Thoughts on Physical Social Networking (hello my name is E) - PStamatiou
http://paulstamatiou.com/2008/06/18/thoughts-on-physical-social-networking

======
richesh
There was a company back in the 1st boom that was making apparels and other
gear with your "ID" printed on it boldly. And you could take someone's ID and
put it on the site and communicate with that person. Seemed like a roundabout
way of just walking up to the person and saying "hello my name is E".

But to answer your question, a hardware-aided webapp could take off if it was
backed by the right "webapp". If facebook, linkedIn, Match, etc. came out with
a hardware (although why wouldn't you just write an iPhone app nowadays), that
facilitated physical social networking then it might work.

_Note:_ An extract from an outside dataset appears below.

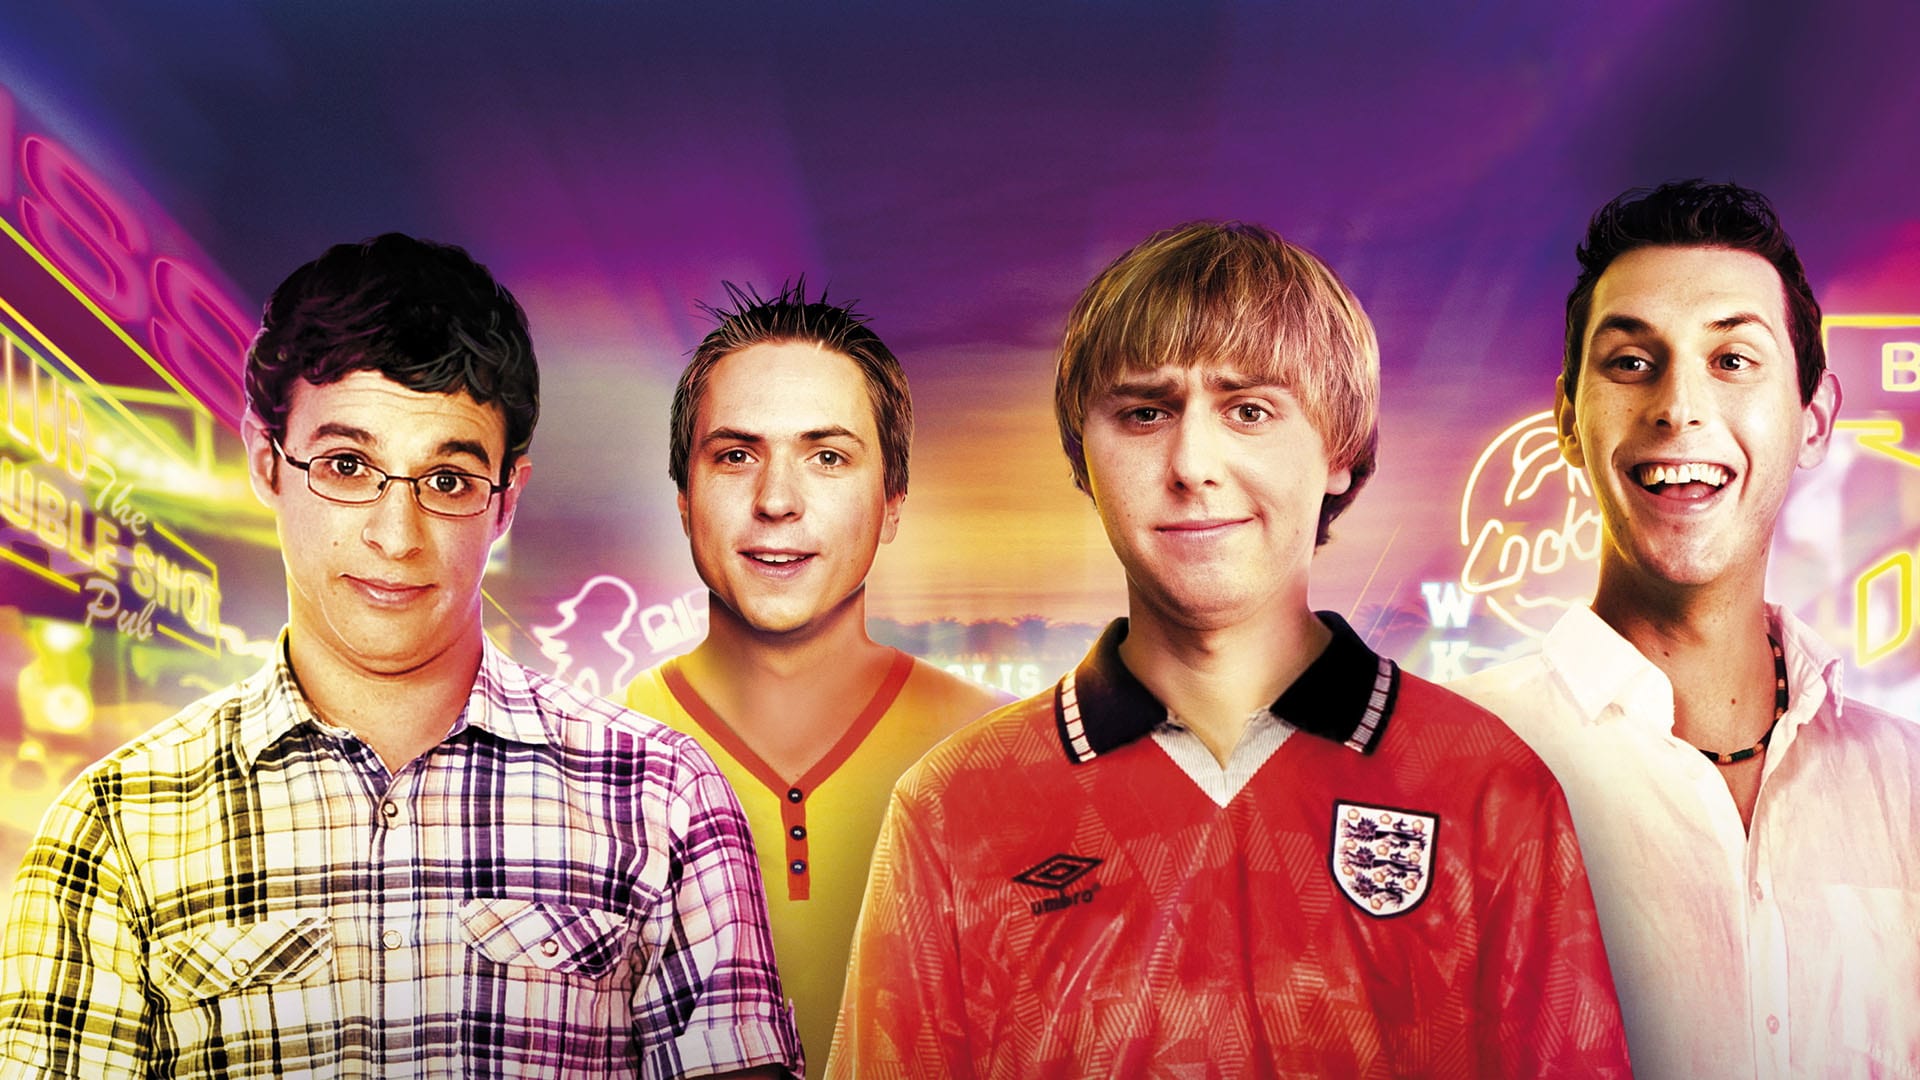 The Inbetweeners Movie © Bwark Productions, Film4 Productions, Young Films

Although IMO,
people still like to keep a difference between their online and offline lives.

We are going to see a large numbers of mobile social networking companies in
the next few years. It is the only logical next step for social networks, to
go from in front of computers to location aware.

------
cbryan
I think it could work, but I think it would have to marketed differently.
Right now it seems aimed towards the twenty-something web developer who might
be more casual. I think there's an equally large opening for a device like
this marketed towards more traditional businessmen. Replace the Rolodex, make
migrating to social networking apps easier, etc.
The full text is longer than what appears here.